§ **Assignment**
Reproduce exactly the lines beginning with the line that contains "Generic No.6 24131860" and ending at the final line of the material below.

§ **Dataset records**
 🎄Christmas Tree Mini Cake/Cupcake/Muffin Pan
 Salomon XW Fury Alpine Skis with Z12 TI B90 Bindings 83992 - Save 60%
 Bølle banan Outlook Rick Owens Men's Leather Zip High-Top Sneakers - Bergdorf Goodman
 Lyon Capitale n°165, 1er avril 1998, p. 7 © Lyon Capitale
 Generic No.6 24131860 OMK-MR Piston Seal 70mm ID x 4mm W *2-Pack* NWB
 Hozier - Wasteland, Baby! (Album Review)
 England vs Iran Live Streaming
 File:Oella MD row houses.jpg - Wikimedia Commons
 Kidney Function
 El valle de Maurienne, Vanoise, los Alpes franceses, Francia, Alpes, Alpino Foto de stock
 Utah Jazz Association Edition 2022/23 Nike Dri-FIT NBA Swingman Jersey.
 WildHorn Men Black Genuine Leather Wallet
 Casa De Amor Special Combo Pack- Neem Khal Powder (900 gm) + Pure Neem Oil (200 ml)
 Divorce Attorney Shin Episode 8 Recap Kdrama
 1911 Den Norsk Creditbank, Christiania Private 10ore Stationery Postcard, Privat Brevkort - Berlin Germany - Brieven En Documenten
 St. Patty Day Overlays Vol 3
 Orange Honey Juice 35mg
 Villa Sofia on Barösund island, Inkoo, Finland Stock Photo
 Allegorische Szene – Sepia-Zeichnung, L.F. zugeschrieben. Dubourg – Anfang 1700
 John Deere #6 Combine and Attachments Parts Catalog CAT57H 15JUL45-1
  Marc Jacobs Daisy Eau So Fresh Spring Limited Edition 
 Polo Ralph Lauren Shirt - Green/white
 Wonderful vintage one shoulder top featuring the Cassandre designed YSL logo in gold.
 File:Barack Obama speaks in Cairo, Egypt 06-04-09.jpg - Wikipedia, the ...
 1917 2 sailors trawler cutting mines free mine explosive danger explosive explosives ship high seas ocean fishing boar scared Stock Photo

§ **Answer box**
 Generic No.6 24131860 OMK-MR Piston Seal 70mm ID x 4mm W *2-Pack* NWB
 Hozier - Wasteland, Baby! (Album Review)
 England vs Iran Live Streaming
 File:Oella MD row houses.jpg - Wikimedia Commons
 Kidney Function
 El valle de Maurienne, Vanoise, los Alpes franceses, Francia, Alpes, Alpino Foto de stock
 Utah Jazz Association Edition 2022/23 Nike Dri-FIT NBA Swingman Jersey.
 WildHorn Men Black Genuine Leather Wallet
 Casa De Amor Special Combo Pack- Neem Khal Powder (900 gm) + Pure Neem Oil (200 ml)
 Divorce Attorney Shin Episode 8 Recap Kdrama
 1911 Den Norsk Creditbank, Christiania Private 10ore Stationery Postcard, Privat Brevkort - Berlin Germany - Brieven En Documenten
 St. Patty Day Overlays Vol 3
 Orange Honey Juice 35mg
 Villa Sofia on Barösund island, Inkoo, Finland Stock Photo
 Allegorische Szene – Sepia-Zeichnung, L.F. zugeschrieben. Dubourg – Anfang 1700
 John Deere #6 Combine and Attachments Parts Catalog CAT57H 15JUL45-1
  Marc Jacobs Daisy Eau So Fresh Spring Limited Edition 
 Polo Ralph Lauren Shirt - Green/white
 Wonderful vintage one shoulder top featuring the Cassandre designed YSL logo in gold.
 File:Barack Obama speaks in Cairo, Egypt 06-04-09.jpg - Wikipedia, the ...
 1917 2 sailors trawler cutting mines free mine explosive danger explosive explosives ship high seas ocean fishing boar scared Stock Photo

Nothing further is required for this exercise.